There’s a reduced stigma for people accessing the service, a reduced need for bureaucracy, and ultimately a higher likelihood of sustained political will behind the policy as the middle classes benefit as well.

“After 80 years of dental care being excluded from our public healthcare system, we are excited to see a window opening up to plug this gap in public healthcare, and we want to see the next government grasping this opportunity,” Harris said.

But while just Labour and the Greens showed up to get their teeth into the petition, are they the only parties with a dental care policy?

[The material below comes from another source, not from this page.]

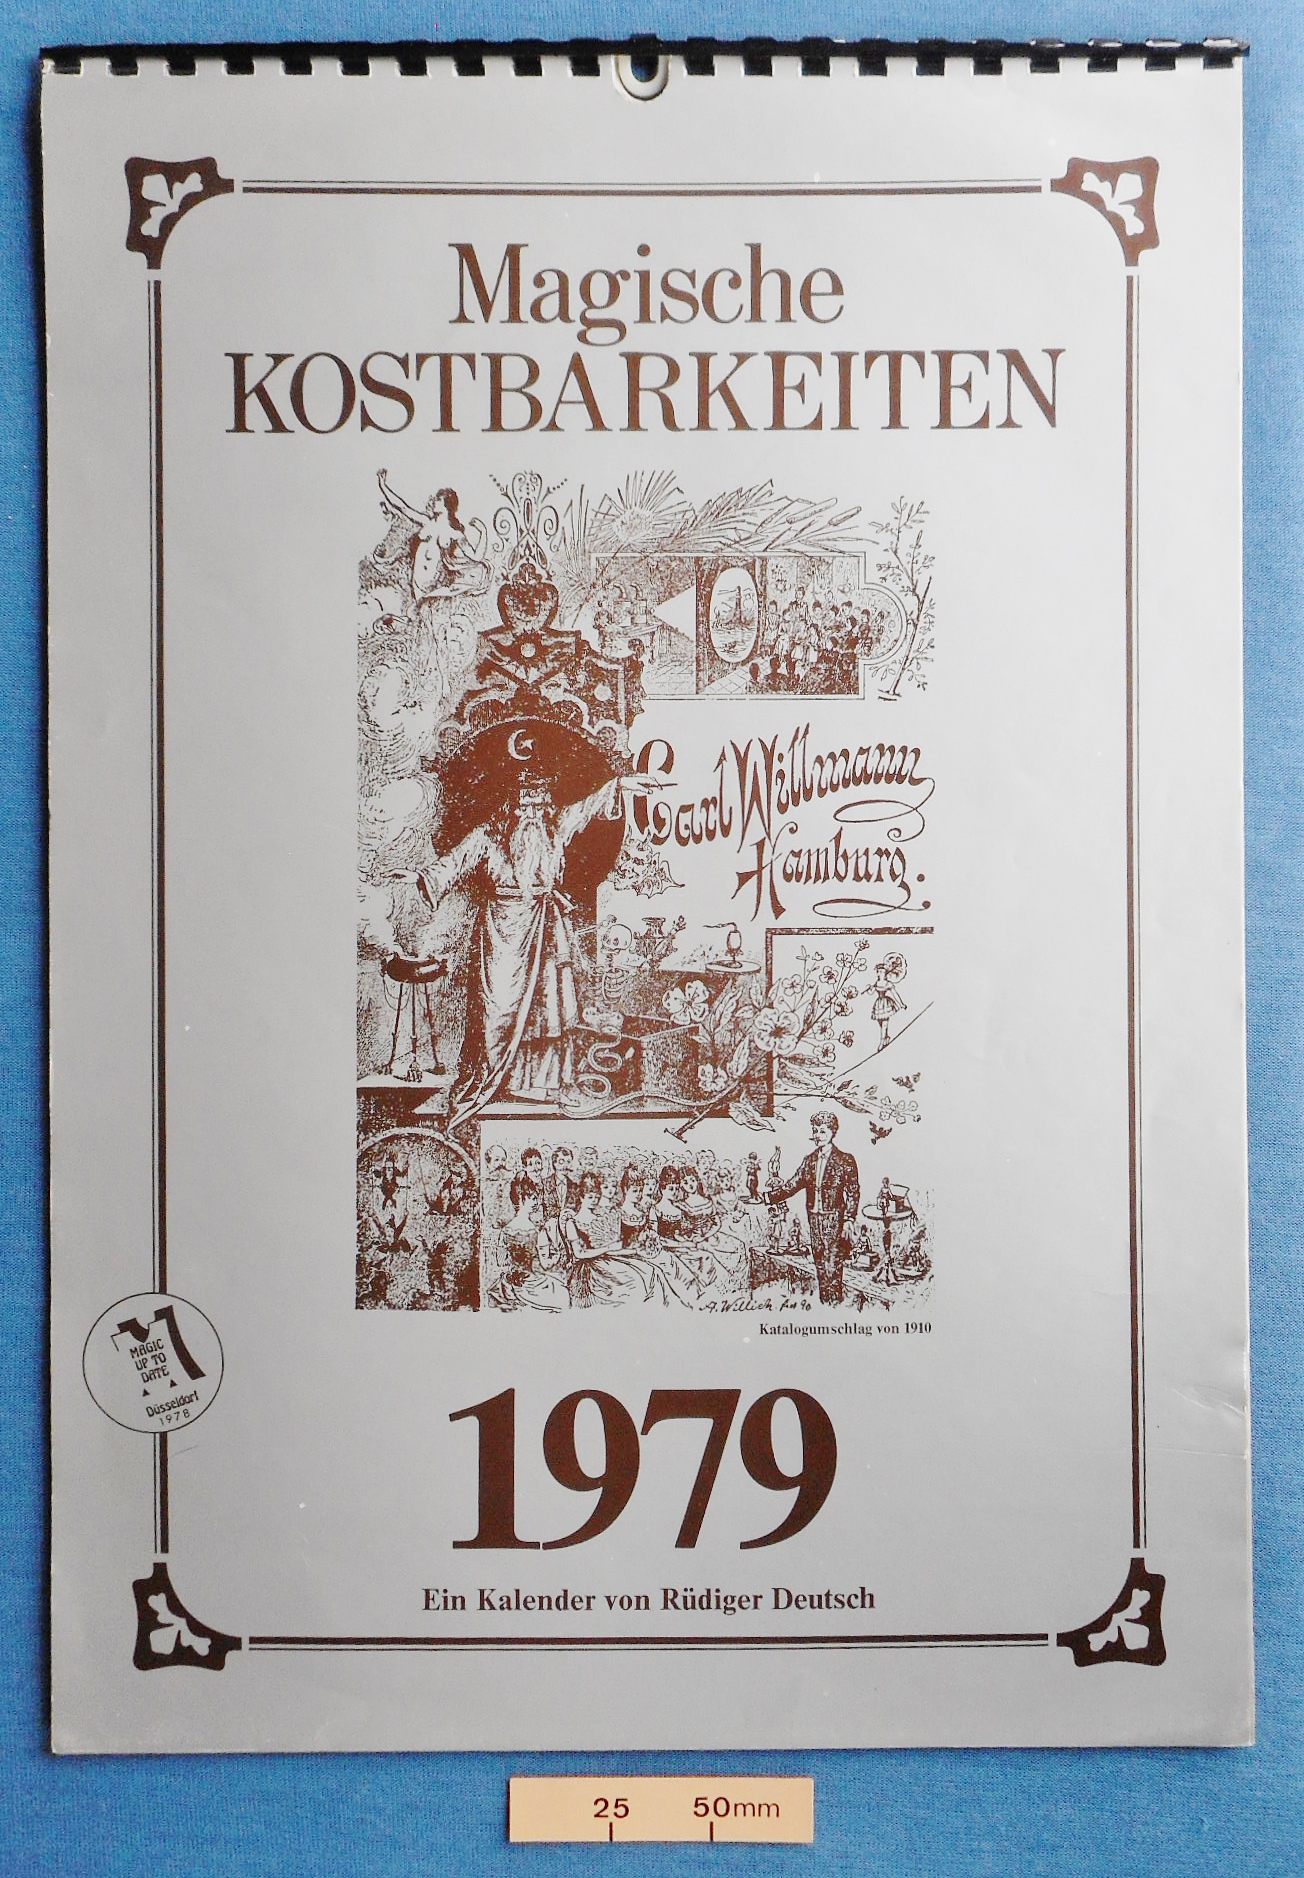 1979 Magische Kostbarkeiten (Magical Treasures) Calendar by Rüdiger Deutsch

Newsroom surveyed the party’s policy documents for dental-specific policy.

Policies:

Labour

  • Free dental care for everybody under 30.
  • Labour will expand dental care in two stages, reaching 18-23-year-olds from July 2025 and 18-29-year-olds from July 2026.
  • Dental workers have already been added to the immigration green list.
  • Increase funding to increase the number of dentists trained in New Zealand by 50 percent, or 30 more dentists a year.

Greens

  • Free dental care for all.
  • Create the New Zealand Dental Service.
  • Lift the cap on training placements to meet increased demand for dentists.
  • Reduce barriers to access via mobile dental vans and funding for community dental clinics, including marae.

Te Pāti Māori

  • Free dental care for households earning less than $60,000.
  • Invest $1 billion per year in Health Workforce Development.

The Opportunities Party

  • Fully funded dental care for under 30s through the Teal Card scheme. It gives the examples of annual check-ups, x-rays and fillings as dental services provided for under the scheme.

National

  • $120m in additional spending on the Child Dental Package over four years.

Act

  • Cut red tape making it easier for medical professionals to move to New Zealand.